Platelet Rich Plasma Therapy
In recent research doctors note that while hamstring injuries can be disabling, and several traditional conservative treatments, including physiotherapy and nonsteroidal anti-inflammatory drugs, have been inconsistent and corticosteroid injections have demonstrated success but can adversely affect local tissues, it is Platelet-rich plasma (PRP) that emerged as a safe, effective treatment. In a study that yielded 15 patients with 17 hamstring injuries. Twelve injuries failed traditional conservative treatment and were ultimately treated with a PRP injection at the hamstrings muscle origin.

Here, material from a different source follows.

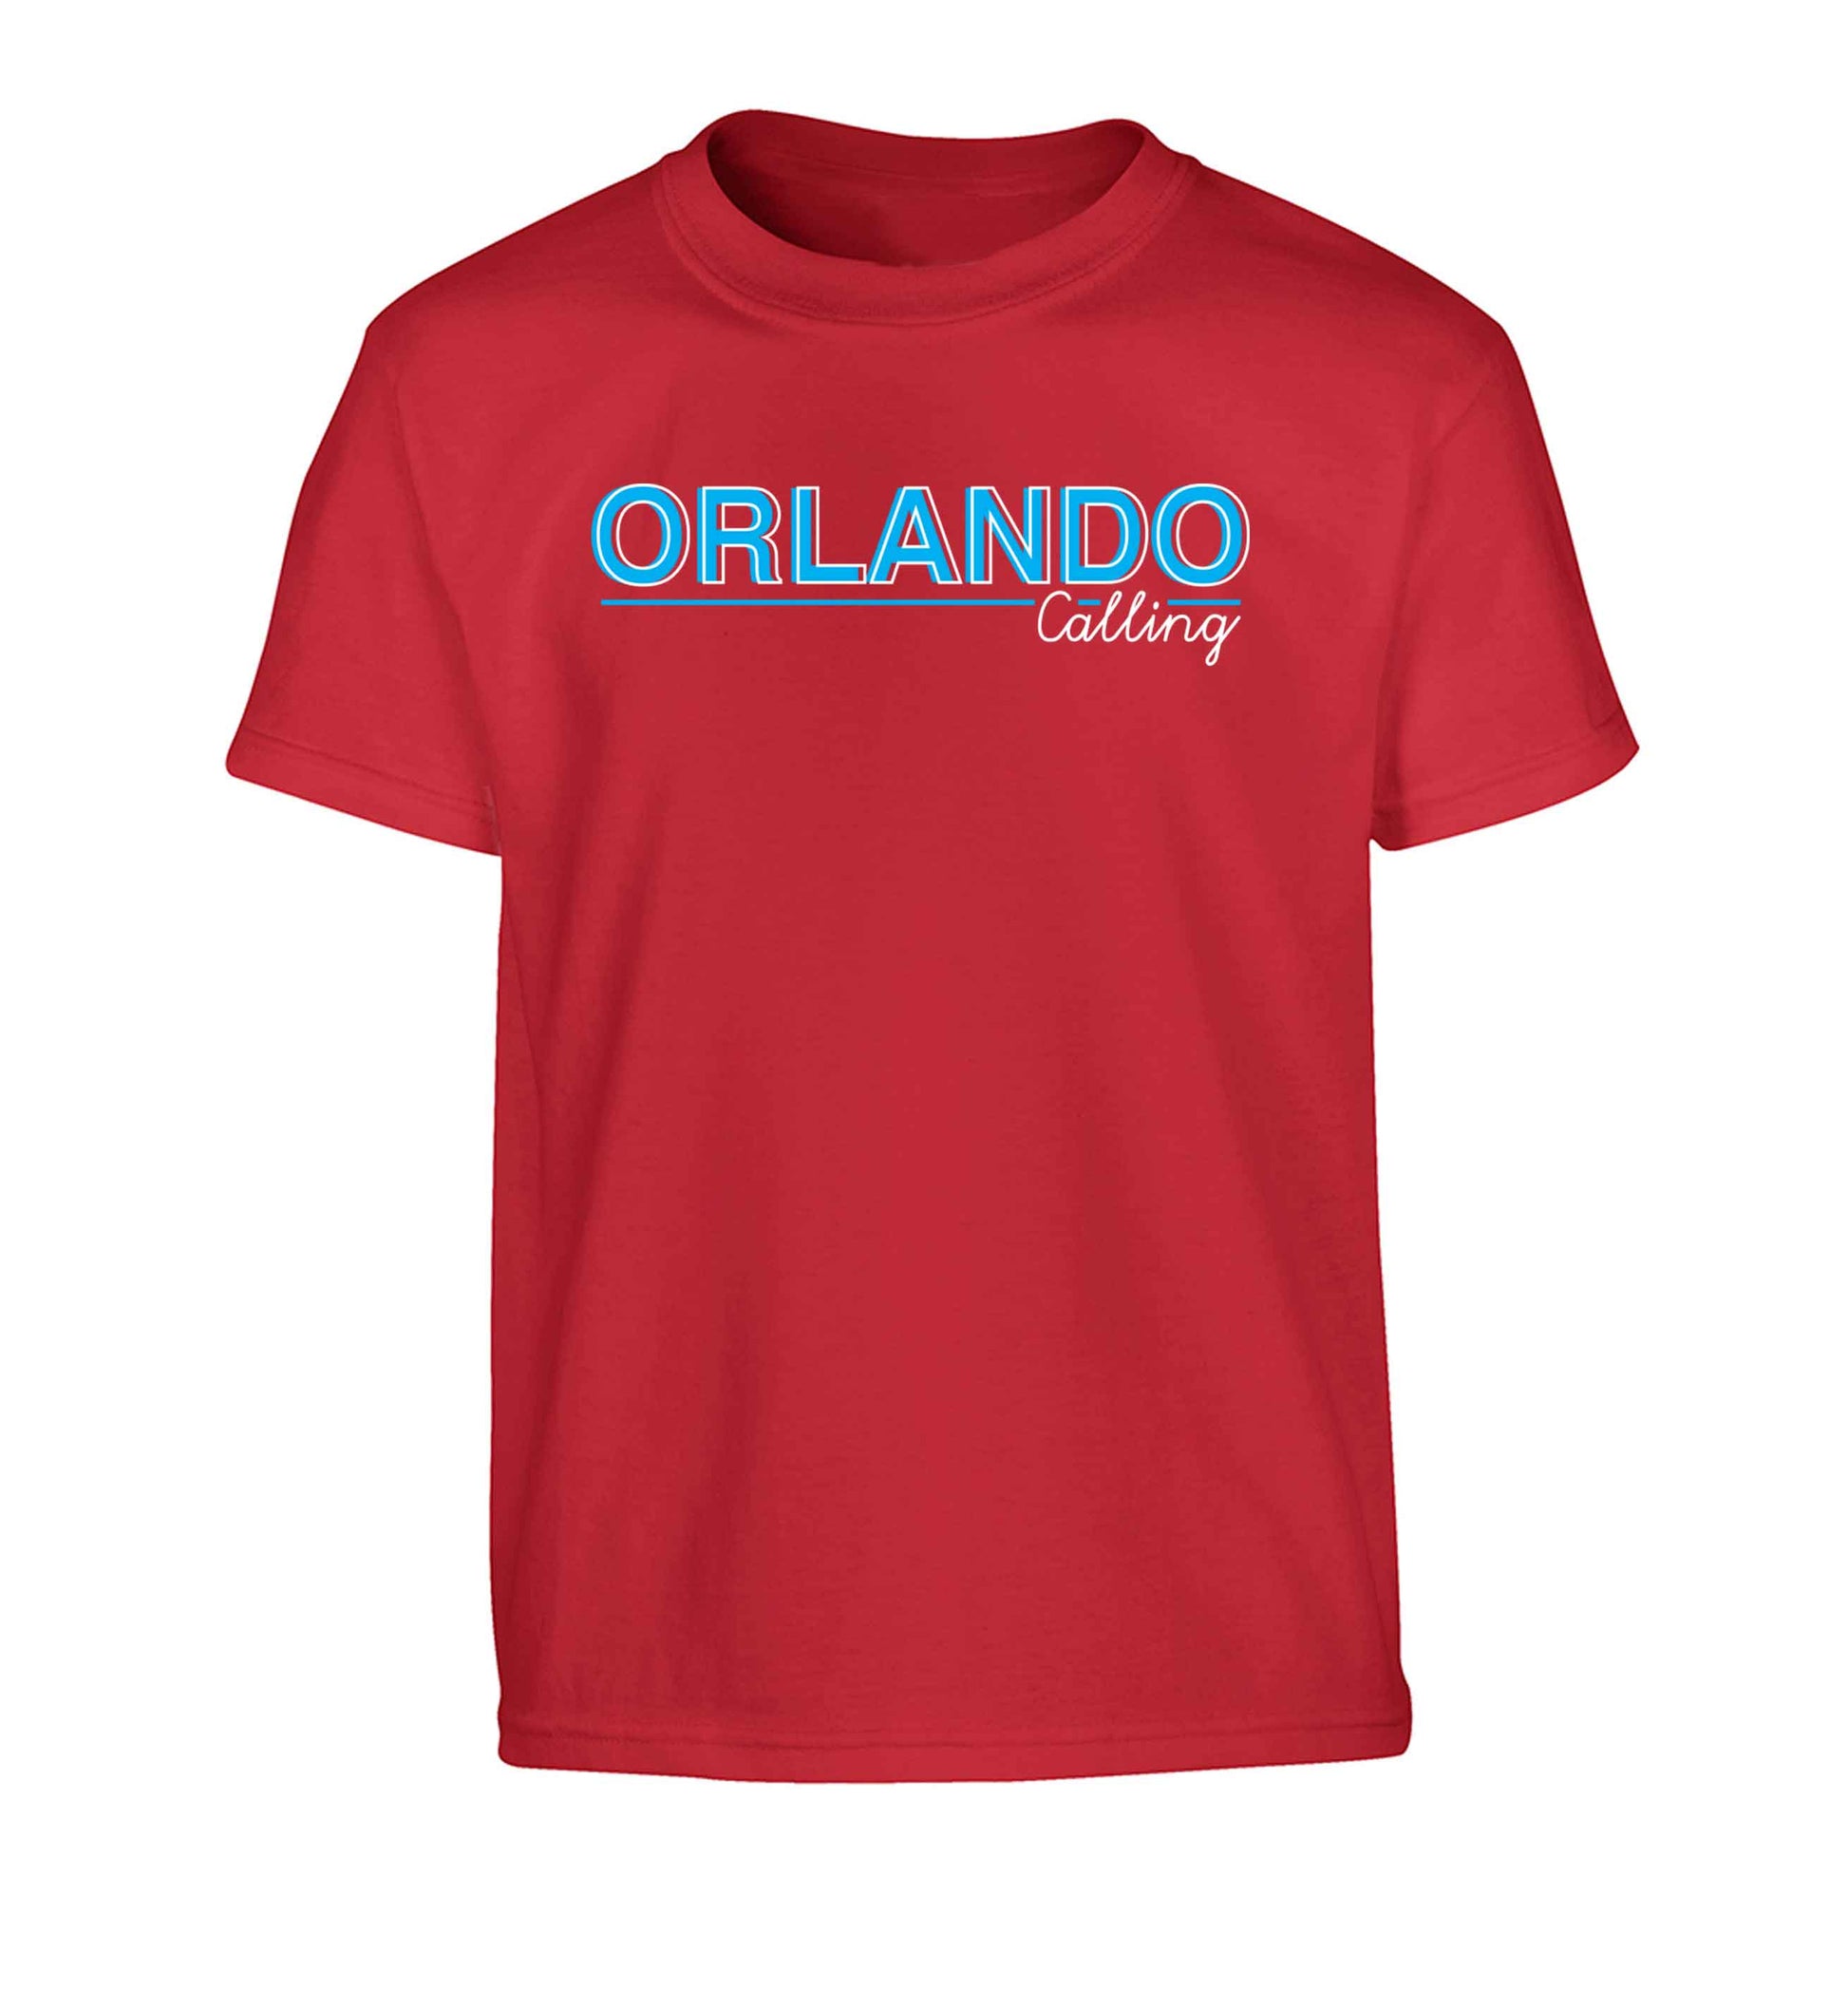 Orlando calling Children's red Tshirt 12-13 Years

The PRP group showed significant improvement, the conservative treatment group did not.3
In a study to see which technology could better detect corticosteroid injections success, an MRI or ultrasound, the researchers found “Fifty percent of patients had symptomatic improvement lasting longer than 1 month after percutaneous corticosteroid injection, and 24% of patients had symptom relief for more than 6 months.”4 In other words, the typical conservative treatment of cortisone is not a guaranteed cure for this hamstring injury.
What these researchers found is what Prolotherapy doctors have long known: a better approach to hamstring injury is to strengthen the fibro-osseus junction of the ischial tuberosity with Prolotherapy. The ischial tuberosity bears body weight in the seated position and is a point of attachment for the hamstring muscles. In the above research, Platelet Rich Plasma injection was used at the “muscle origin” the fibro-osseus junction.
1.Tseng CY, Lee JP, Tsai YS, Lee SD, Kao CL, Liu TC, Lai C, Harris MB, Kuo CH. Topical cooling (icing) delays recovery from eccentric exercise-induced muscle damage.J Strength Cond Res. 2013;27(5):1354-61. doi: 10.1519/JSC.0b013e318267a22c.
2. Malone T, Engelhardt D, Kirkpatrick J, Bassett F. Nerve injury in athletes caused by cryotherapy. J Athl Train. 1992; 27(3): 235–237.
3. Wetzel RJ, Patel RM, Terry MA. Platelet-rich Plasma as an Effective Treatment for Proximal Hamstring Injuries. Orthopedics. 2013 Jan 1;36(1):e64-70. doi: 10.3928/01477447-20121217-20.
4. Zissen MH, Wallace G, Stevens KJ, Fredericson M, Beaulieu CF. High hamstring tendinopathy: MRI and ultrasound imaging and therapeutic efficacy of percutaneous corticosteroid injection. AJR Am J Roentgenol. 2010 Oct;195(4):993-8. doi: 10.2214/AJR.09.3674.